■ EXERCISE AIM: What are the lines, word for word, from the line with "best abstract rugs" up to and including the line with "dining bedroom style" in the records below? Omit the pictures.

■ SOURCE MATERIAL:

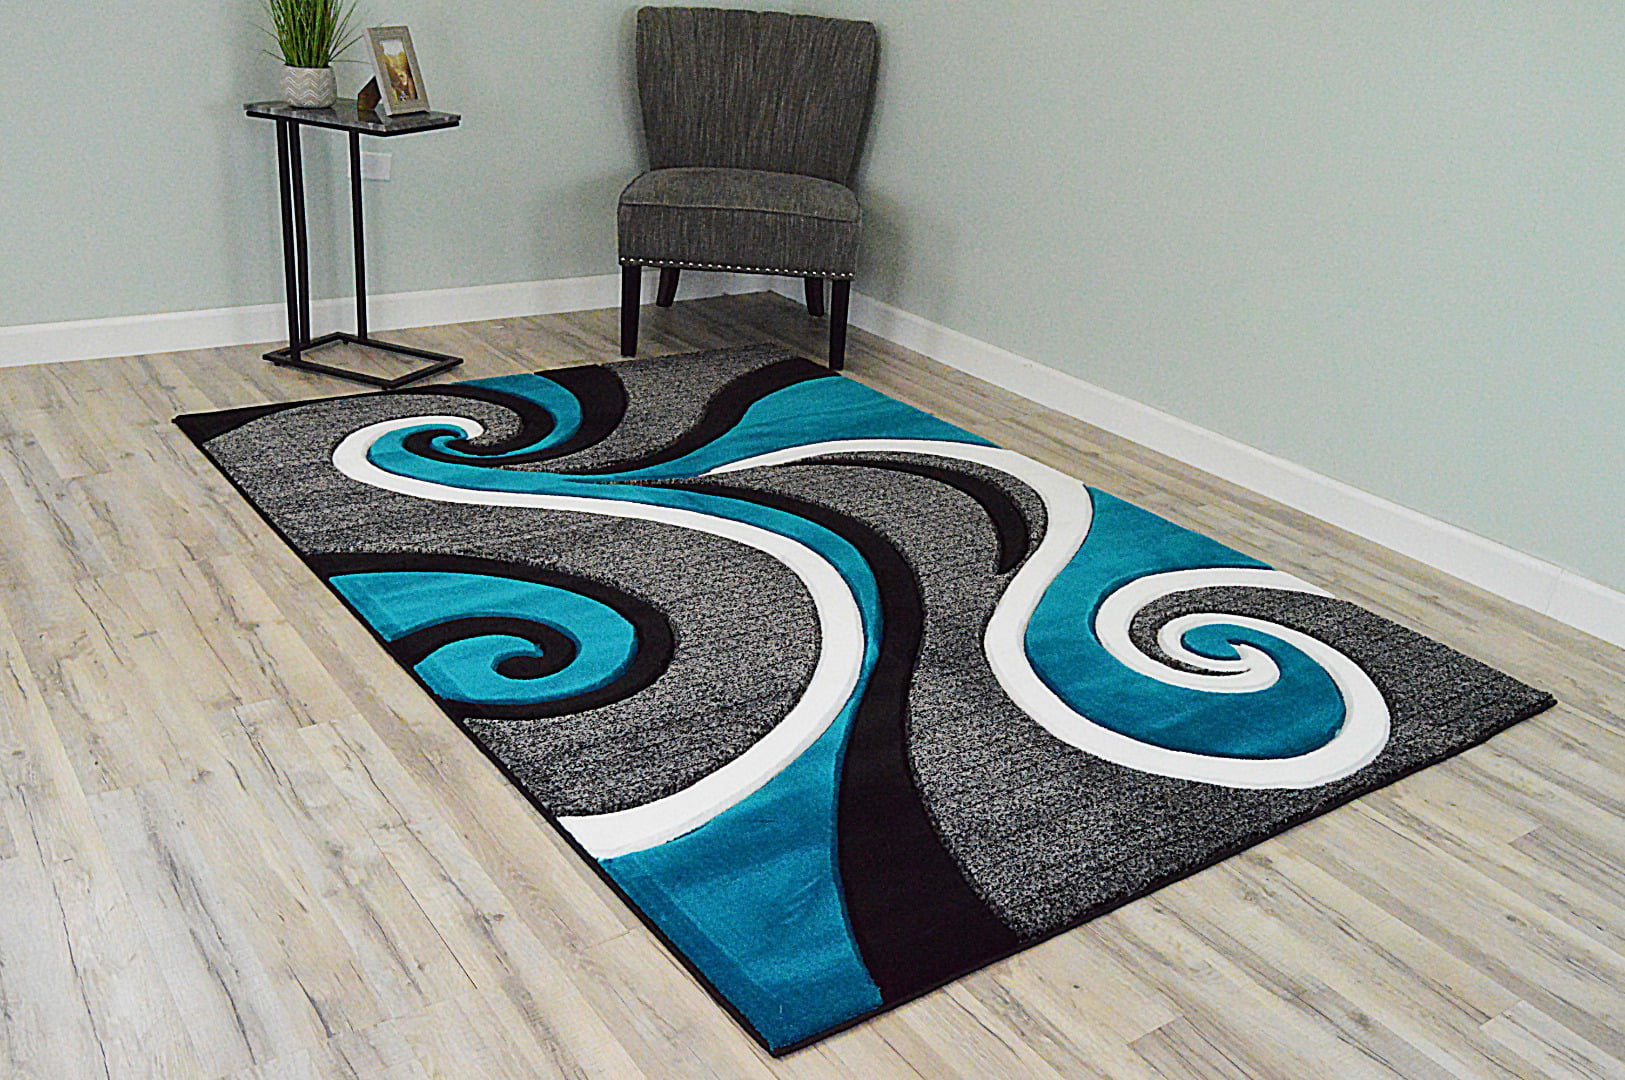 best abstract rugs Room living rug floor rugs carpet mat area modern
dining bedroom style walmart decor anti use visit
...
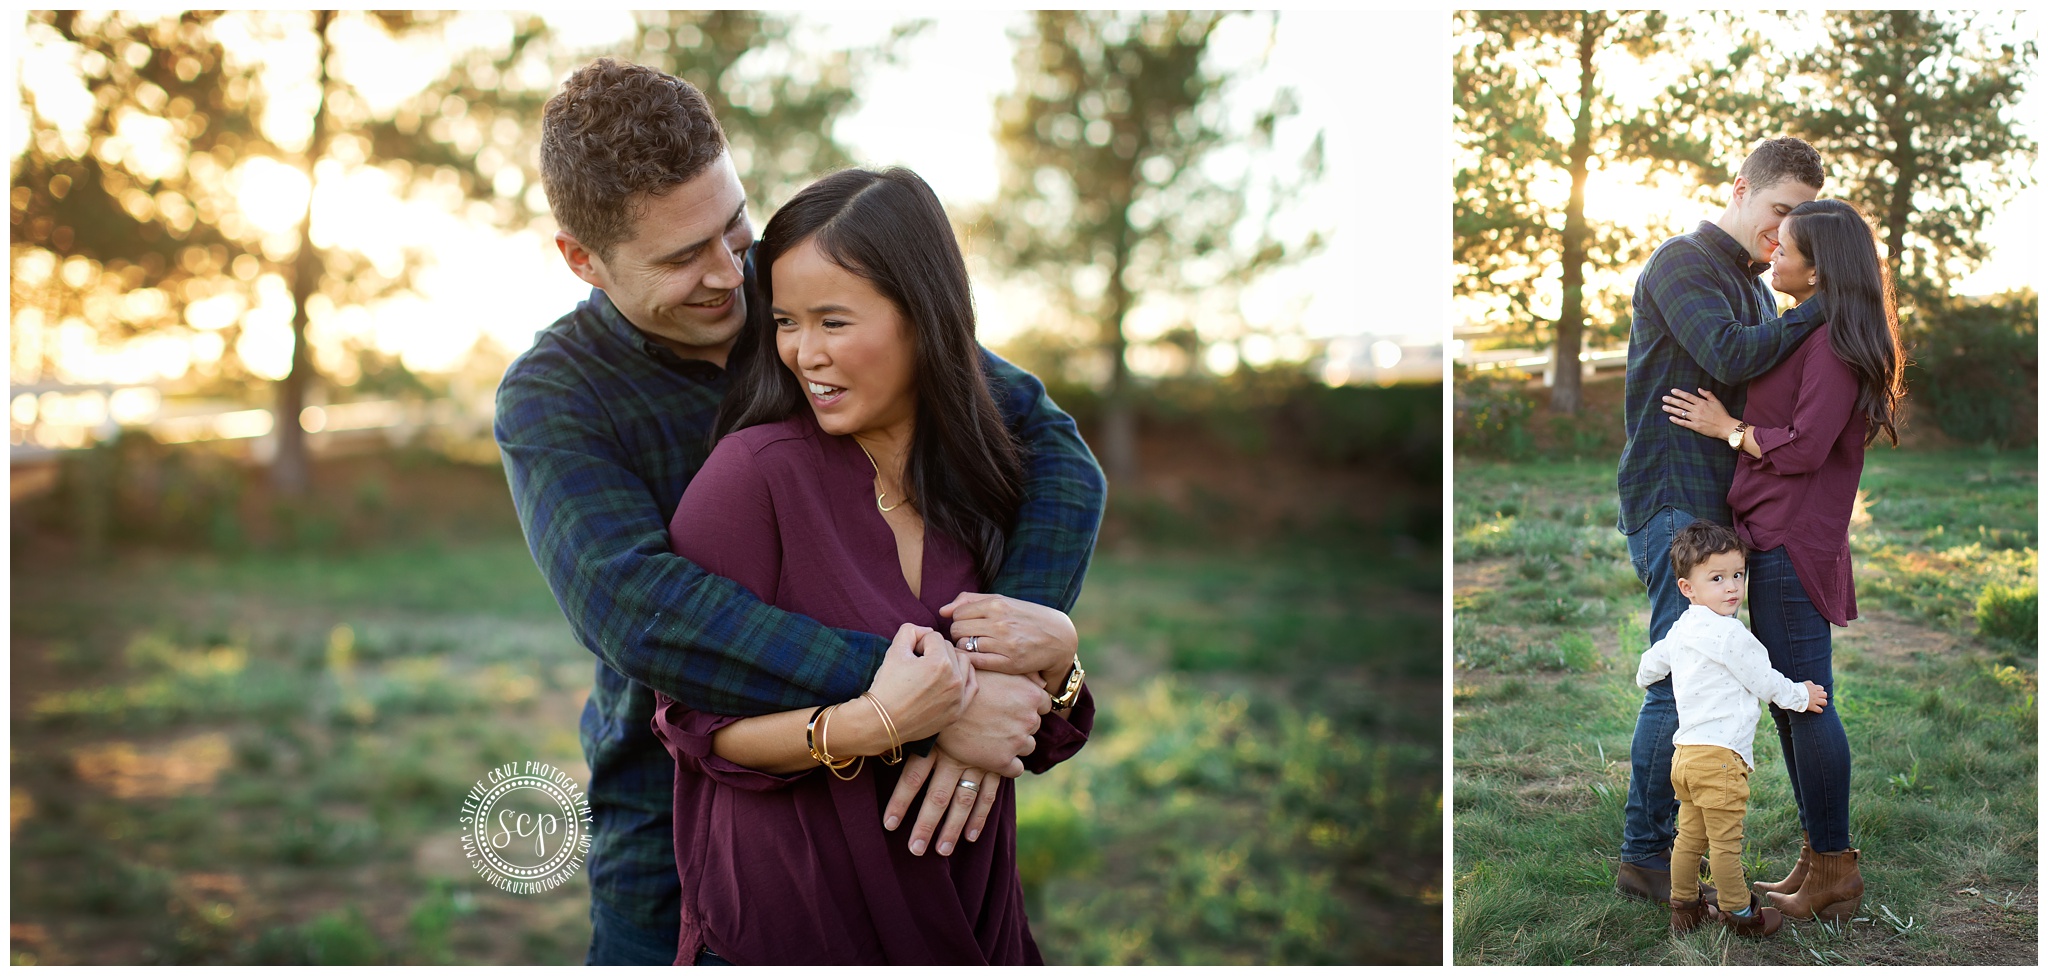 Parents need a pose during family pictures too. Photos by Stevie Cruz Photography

■ TASK OUTPUT:
 best abstract rugs Room living rug floor rugs carpet mat area modern
dining bedroom style walmart decor anti use visit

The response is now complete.